What you need to do:
Repeat only the lines below that run from the line with "Bản đồ Ấn Độ màu trắng trên nền đen (Indian" to the line with "Arena Mágica ARTI CREATIVO Glitter Dino", ends included; skip every picture.

Material provided:
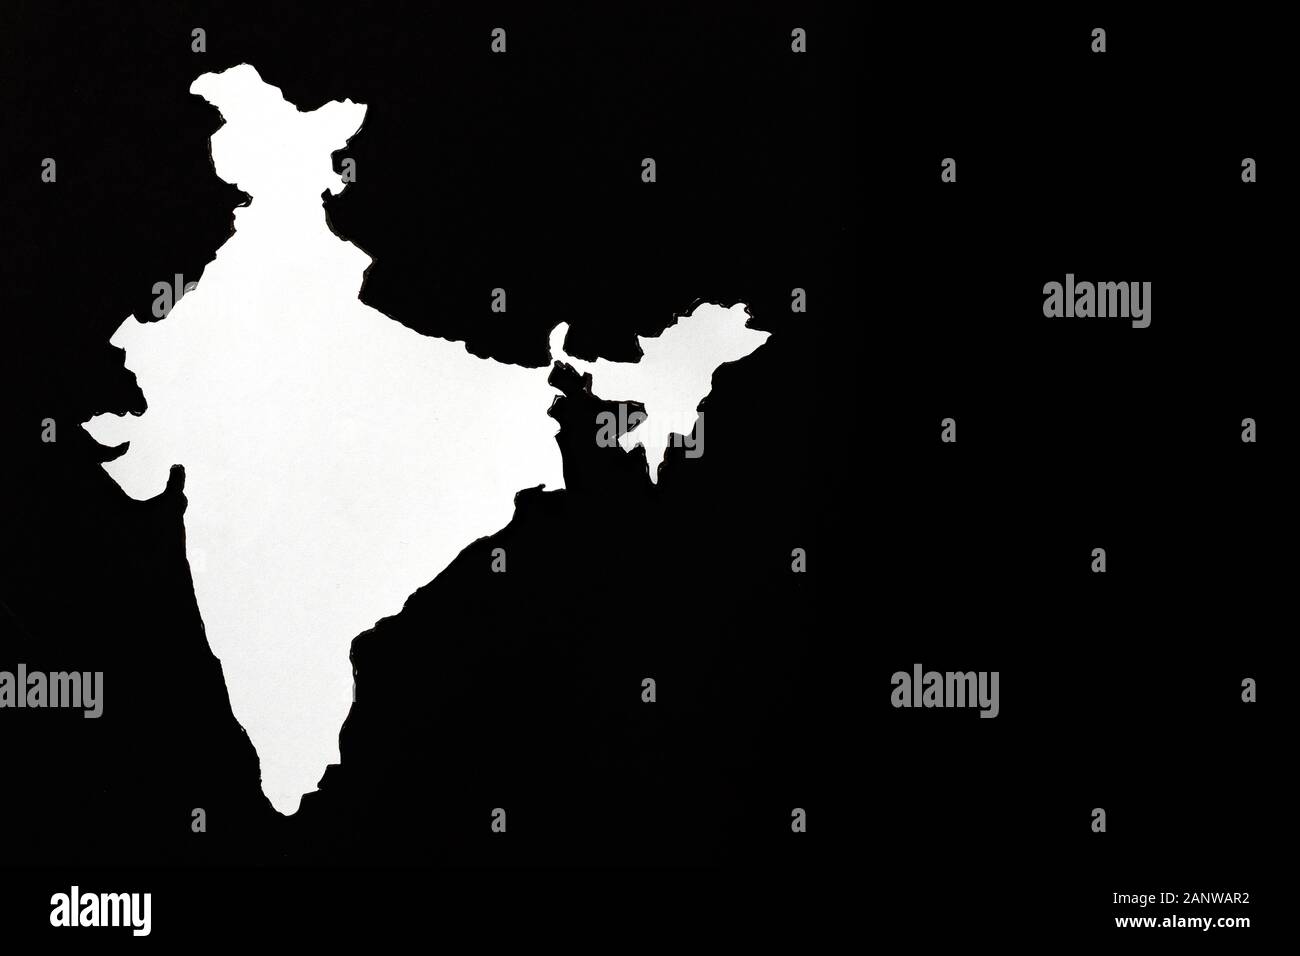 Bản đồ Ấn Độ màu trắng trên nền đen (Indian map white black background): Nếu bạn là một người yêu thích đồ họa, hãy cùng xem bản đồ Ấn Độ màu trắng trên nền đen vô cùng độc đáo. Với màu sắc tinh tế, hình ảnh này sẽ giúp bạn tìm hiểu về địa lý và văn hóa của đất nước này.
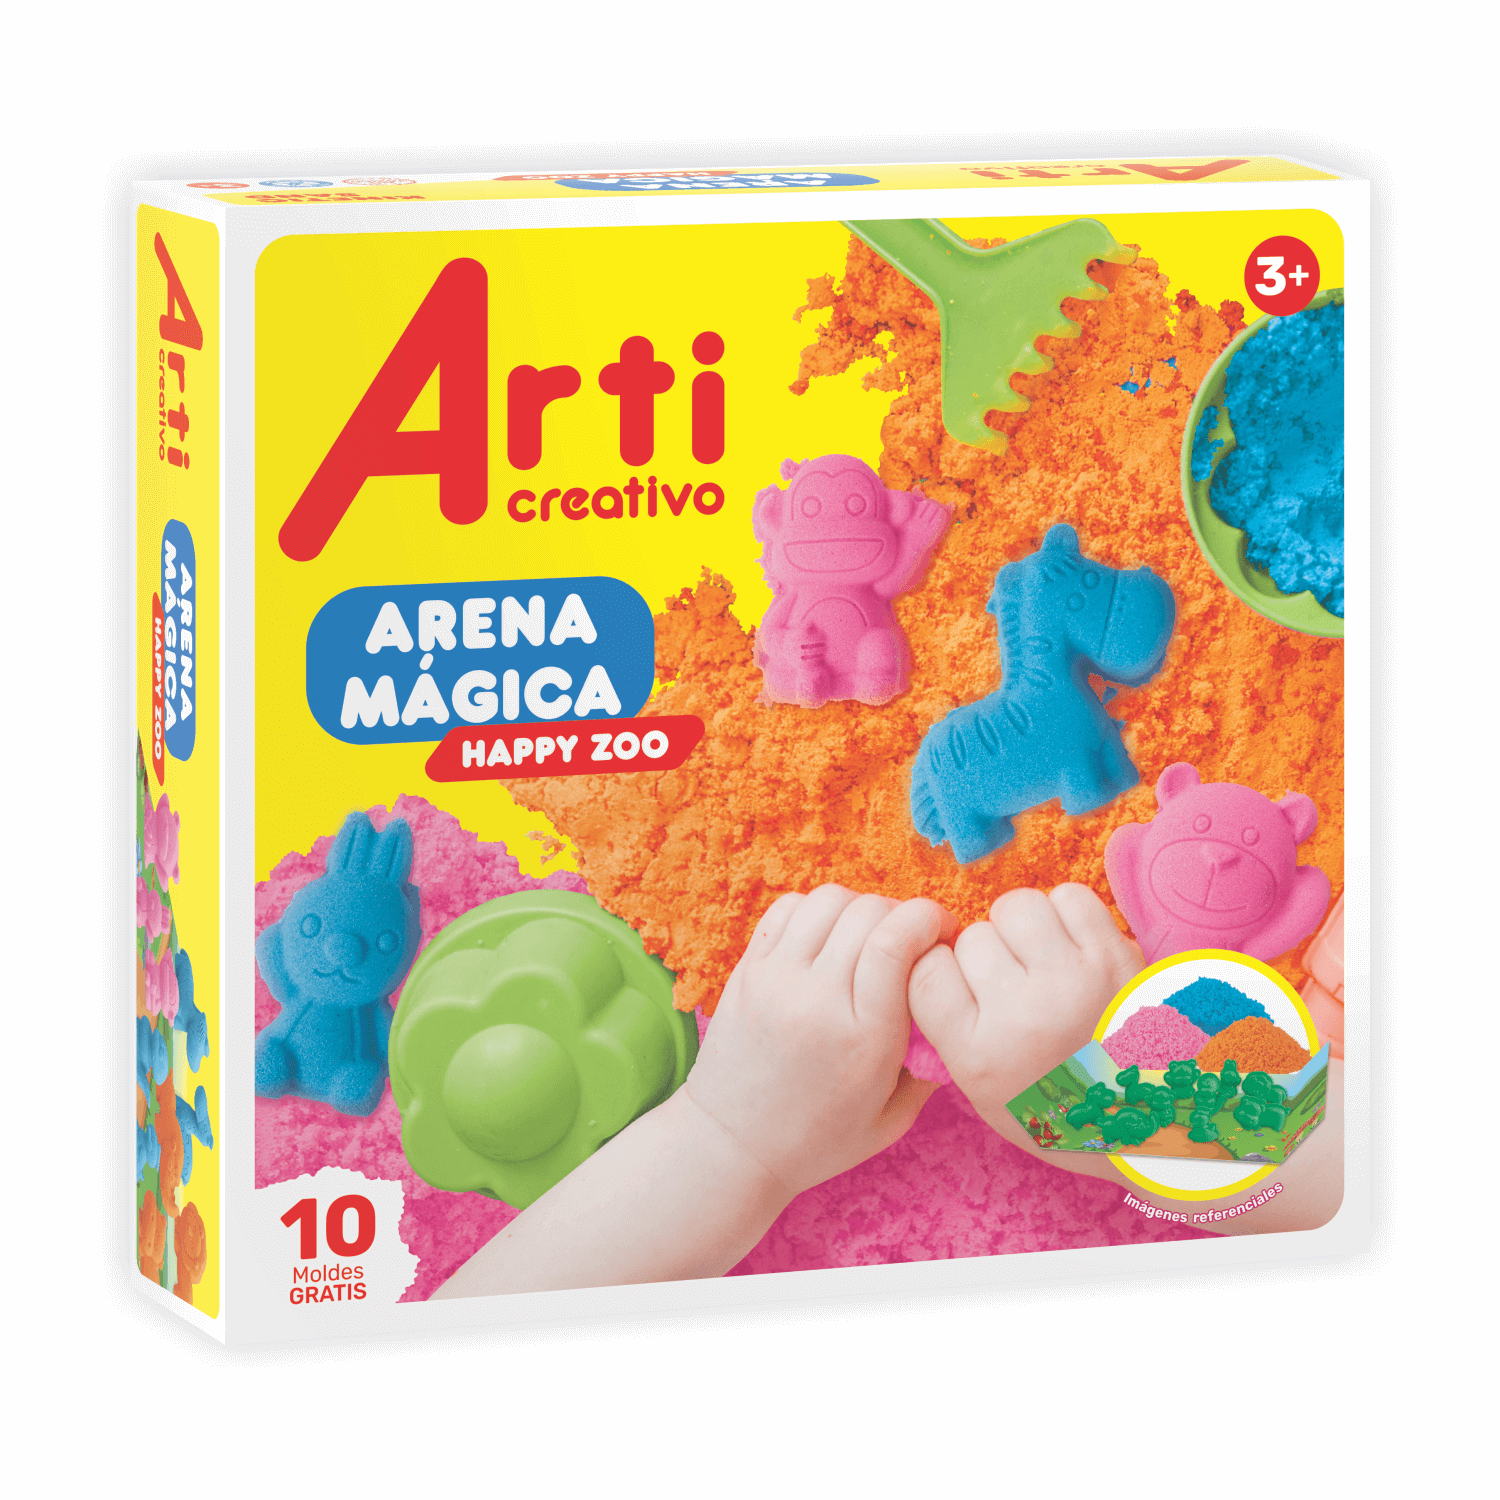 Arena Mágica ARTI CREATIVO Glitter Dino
* * *
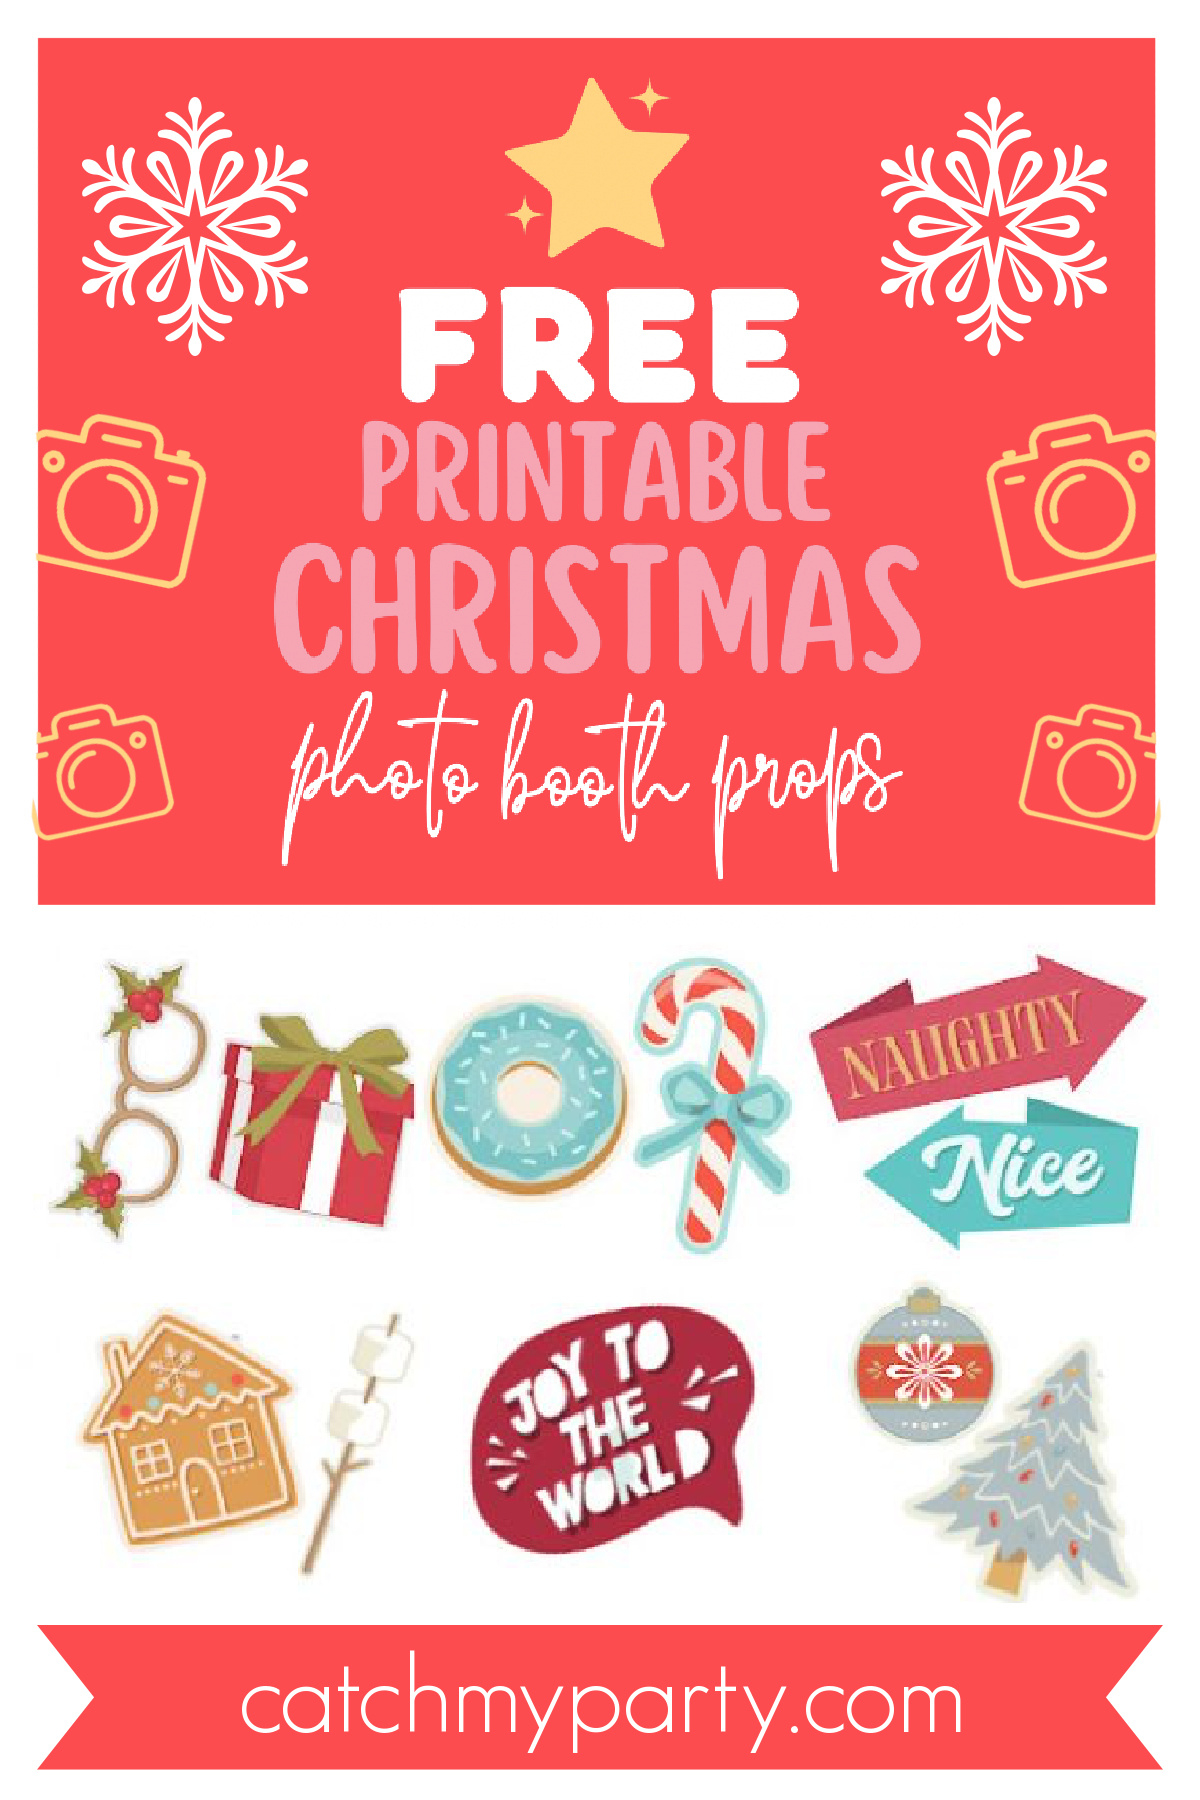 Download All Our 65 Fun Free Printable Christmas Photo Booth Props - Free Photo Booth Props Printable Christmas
==
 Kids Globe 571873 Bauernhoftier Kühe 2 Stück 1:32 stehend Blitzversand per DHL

Output for this exercise:
 Bản đồ Ấn Độ màu trắng trên nền đen (Indian map white black background): Nếu bạn là một người yêu thích đồ họa, hãy cùng xem bản đồ Ấn Độ màu trắng trên nền đen vô cùng độc đáo. Với màu sắc tinh tế, hình ảnh này sẽ giúp bạn tìm hiểu về địa lý và văn hóa của đất nước này.
 Arena Mágica ARTI CREATIVO Glitter Dino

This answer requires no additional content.